INDUS : 每個城鎮非零售業務英畝的比例
CHAS : 查爾斯河虛擬變量（如果邊界是河流，則為1；否則為0）
NOX : 一氧化氮濃度（百萬分之幾）
RM : 每個住宅的平均房間數
AGE : 1940年之前建造的自有住房的年齡比例
DIS : 與五個波士頓就業中心的加權距離
RAD : 高速公路通行能力指数
TAX : 每10,000美元的稅全額財產稅稅率
PTRATIO : 按鎮劃分的師生比率
B : 1000（Bk-0.63）^ 2 其中Bk是按城鎮劃分的黑人比例
LSTAT : 人口地位降低百分比
MEDV : 自有住房的價值中位數（以1000美元計）

# 得到資料 方法一: 直接得到 X, y 
from sklearn import datasets

# 忽略警告訊息
import warnings
with warnings.catch_warnings():
    warnings.filterwarnings("ignore")
    X, y = datasets.load_boston(return_X_y=True)
    print('The shape of X: ', X.shape, '\n')
    print('The shape of y: ', y.shape)

  

# 得到資料 方法二: 先拿到資料物件，再得到 X, y
from sklearn import datasets

# 忽略警告訊息
import warnings
with warnings.catch_warnings():
    warnings.filterwarnings("ignore")
    
    data = datasets.load_boston()

    print('The data features:')
    display(data.feature_names)

    X = data.data
    print('The shape of X: ', X.shape, '\n')

    y = data.target
    print('The shape of y: ', y.shape)

Iris plants dataset. 鳶尾植物數據集

Number of Instances: $50$
這個資料集有 $50$ 筆資料。
Number of Attributes: 4
每筆資料有 $4$ 個特徵。
Category : classification

Attributes 特徵分別是

我們來英文翻譯，花萼（sepal）和花瓣（petal），長度（length）和寬度（width）。

sepal length in cm，花萼的長度。
sepal width in cm，花萼的寬度。
petal length in cm，花瓣的長度。
petal width in cm，花瓣的寬度。

class

要分類的是鳶尾花屬下的三個亞屬，分別是山鳶尾（setosa）、變色鳶尾（verscicolor）和維吉尼亞鳶尾（virginica）。

Setosa，山鳶尾
Versicolour，變色鳶尾
Virginica，維吉尼亞鳶尾

# 得到資料 方法一: 直接得到 X, y 
from sklearn import datasets

X, y = datasets.load_iris(return_X_y=True)
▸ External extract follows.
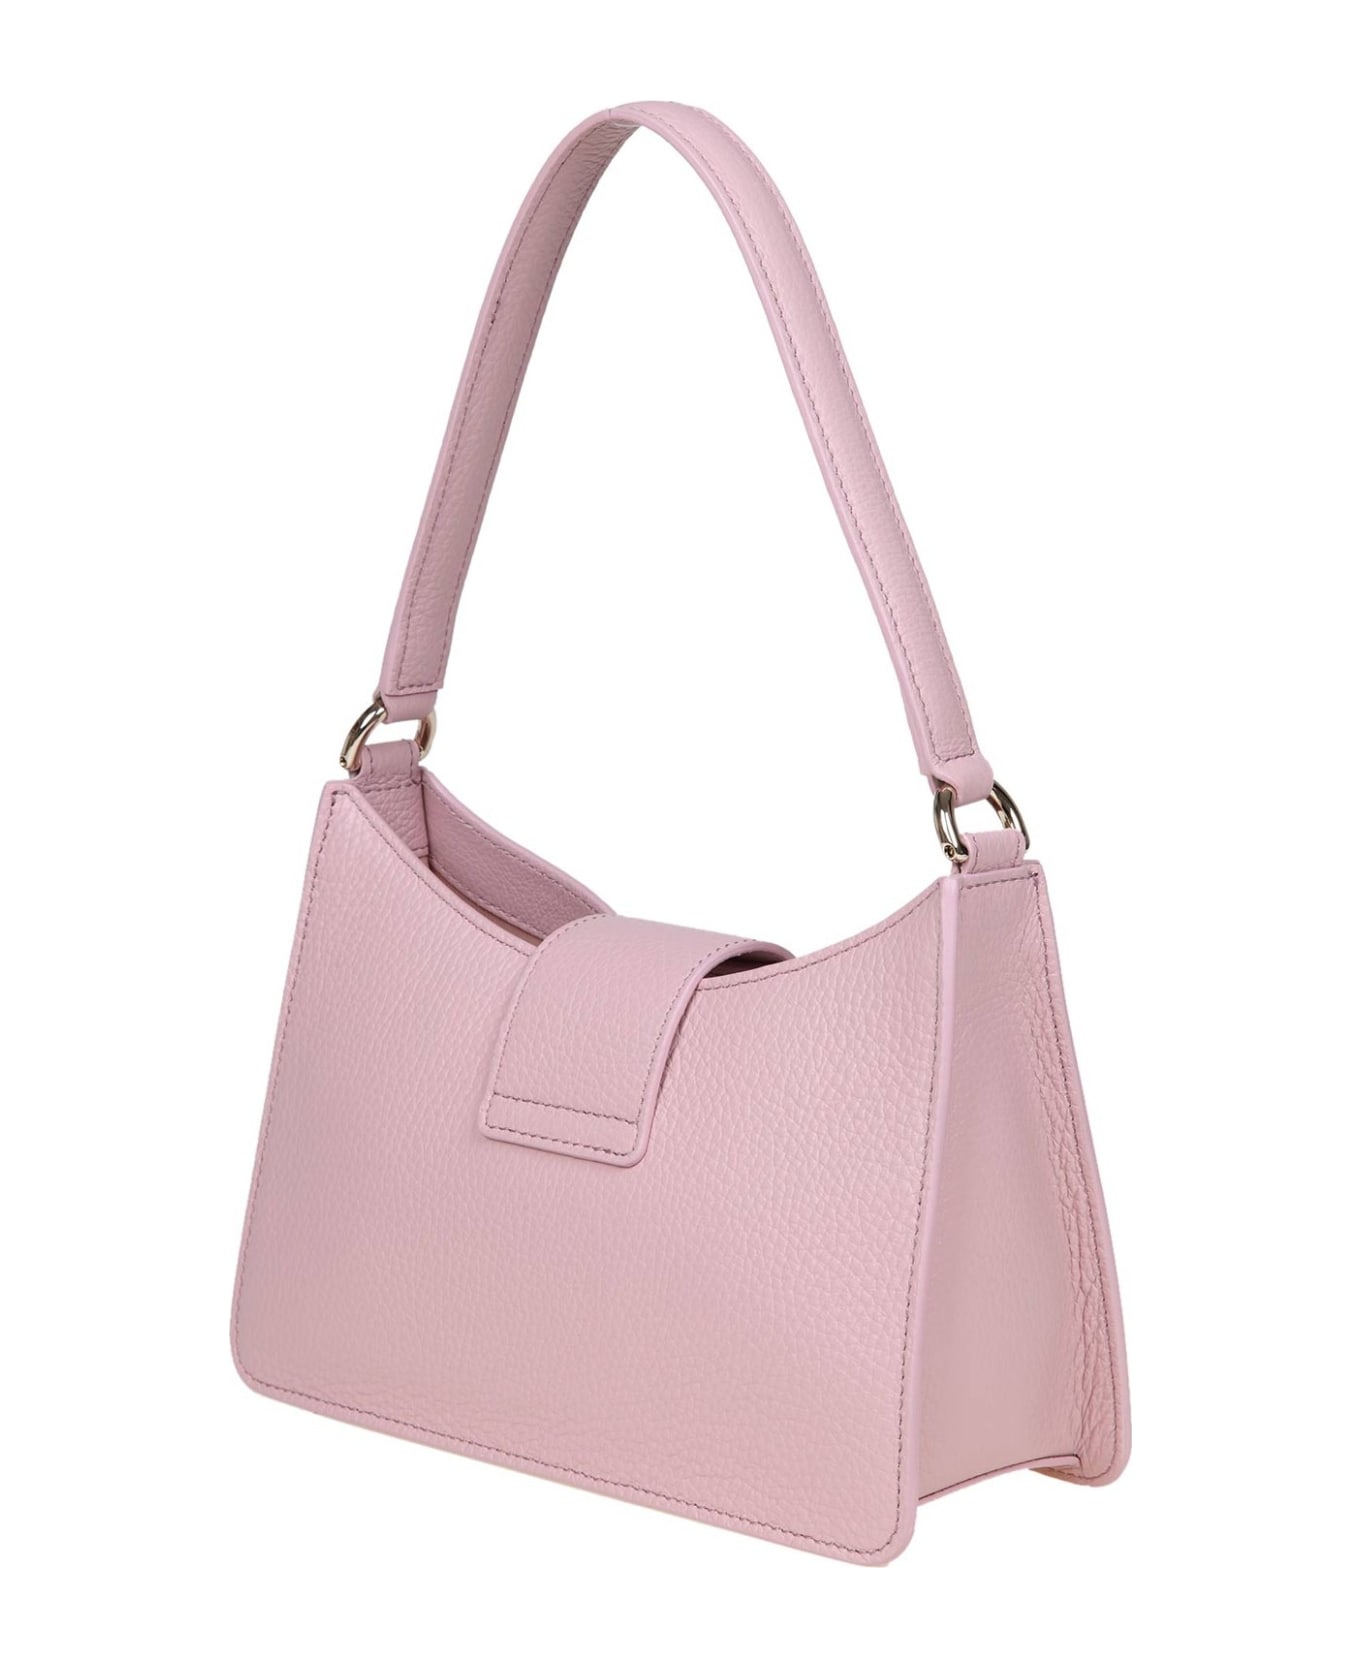 Furla 1927 S Shoulder Bag In Pink Soft Leather - Pink

print('The shape of X: ', X.shape, ' The shape of y: ', y.shape)

# 得到資料 方法二: 先拿到資料物件，再得到 X, y
from sklearn import datasets

data = datasets.load_iris()

print('The data features:')
display(data.feature_names)

X = data.data
print('The shape of X: ', X.shape, '\n')

print('The class names:')
display(data.target_names)

y = data.target
print('The shape of y: ', y.shape)

Diabetes dataset. 糖尿病數據集

Number of Instances: $442$
這個資料集有 $442$ 筆資料。
Number of Attributes: 10
每筆資料有 $10$ 個特徵。
Category : regression

Attributes 特徵分別是

age in years : 年紀。
sex : 性別。
bmi : body mass index 體重指數。
bp : average blood pressure 平均血壓。
s1 tc : T細胞（一種白細胞）
s2 ldl : 低密度脂蛋白
s3 hdl : 高密度脂蛋白
s4 tch : 甲狀腺刺激激素
s5 ltg : 拉莫三嗪
s6 glu : blood sugar level 血糖水平

# 得到資料 方法一: 直接得到 X, y 
from sklearn import datasets

X, y = datasets.load_diabetes(return_X_y=True)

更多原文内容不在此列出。